Japanese photographer (born 1977)

Tomoko Sawada (澤田 知子, Sawada Tomoko) is a Japanese contemporary feminist photographer and performance artist. She has been included in numerous group shows in Japan, Europe and the US. Her first solo exhibition was in 1997 at Japan's Gallery Chat. In 2004 she was awarded the prestigious Kimura Ihei Memorial Photography Award for Young Japanese Photographer as well as the International Center of Photography Infinity Award in the category of Young Photographer.

==Life and work==
Sawada graduated in 1998 with a degree in Media Design, then later in 2000 with a degree in Photography from the Seian University of Art and Design in Otsu, Shiga, Japan. Some of her works of art include ID-400, OMIAI♡, Costume, Schoolgirls, Costume, Cover, Masquerade, Recruit, Mirrors, and Facial Signature. Her work investigates human identity and especially gender roles and stereotypes in Japanese culture.

Sawada uses photography and techniques of performance art to explore ideas of identity, status, culture, individualism, and conformity through traditional and contemporary cultural methods of portraiture. Sawada's photographs are each part of a themed photo series in which she makes use of make-up and costume to dramatically alter her identity, such that each photograph appears to represent a different individual or group of individuals, when all subjects are Sawada herself. Sawada uses commercial photographers, photo booths, and her own studio environment with digital photo editing to represent hundreds of different identities. Tomoko's use of costume in her self-portraits draws inspiration from the work of Cindy Sherman. Her work also explores the way assumptions about personality are largely driven by Japanese cultural responses to gender, job occupation, and other socio-cultural stereotypes.

==Career==
Sawada's earliest self-portrait photo series is Early Days from 1995 to 1996 made while Sawada was in her teens. Her next series, ID400, was created over the course of 4 years, from 1998 to 2001 using a public photo booth to take 400 different ID card style self-portraits while Sawada altered her appearance through costume, hair, and make-up changes along with altering her facial expression or even gaining/losing weight. Subsequent photo series continue to explore varying methods of altering Sawada's outward appearance then documenting these changes using single and group style photographic methods.

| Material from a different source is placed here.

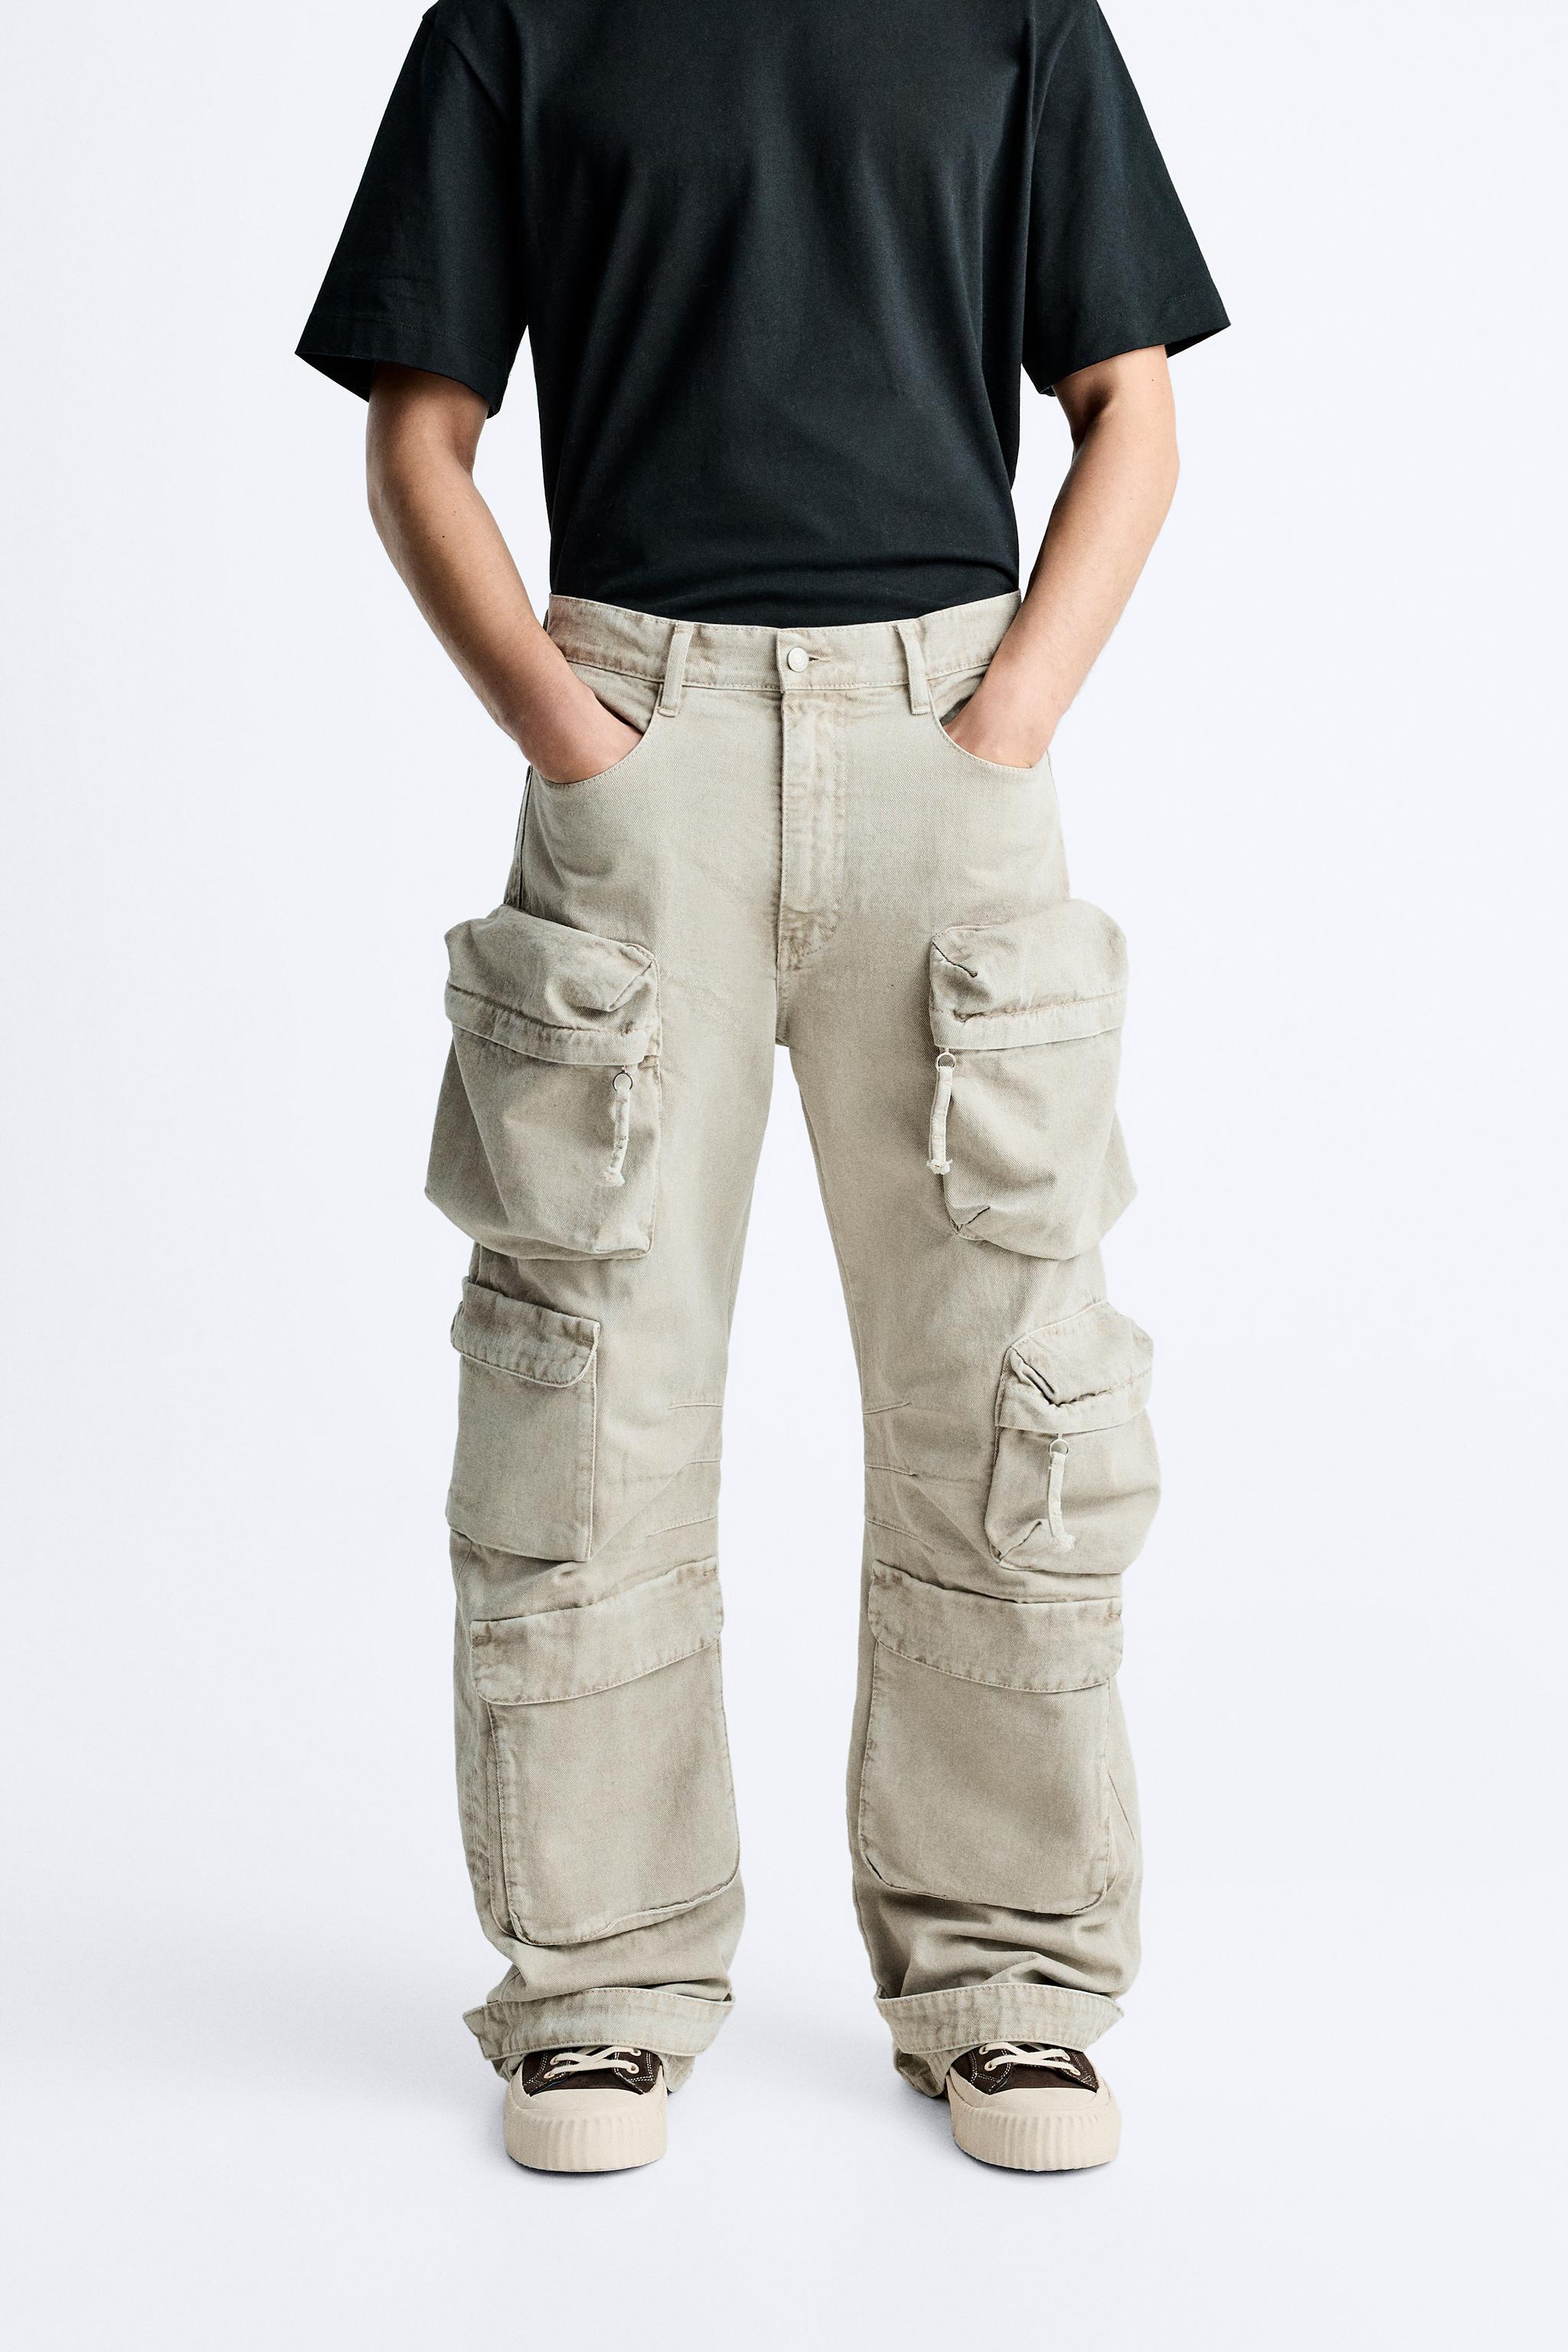 Zara Zipped Cargo Trousers

===Early Days, 1995–1996===
Sawada's earliest photo series.

===ID400, 1998–2001===
For this photo series, Sawada visited the same photo booth outside a train station in Kobe, Japan over the course of four years to create 400 different black and white ID card photos of herself.

===OMIAI♡, 2001===
Sawada's OMIAI♡ series references the traditional photo book of a young woman used by her family members for an arranged marriage. Sawada was photographed in a professional photography studio. On each visit she dressed as a different type of woman, as the photographs are carefully produced with the intention of showing a woman's identity for the prospective young man and his family.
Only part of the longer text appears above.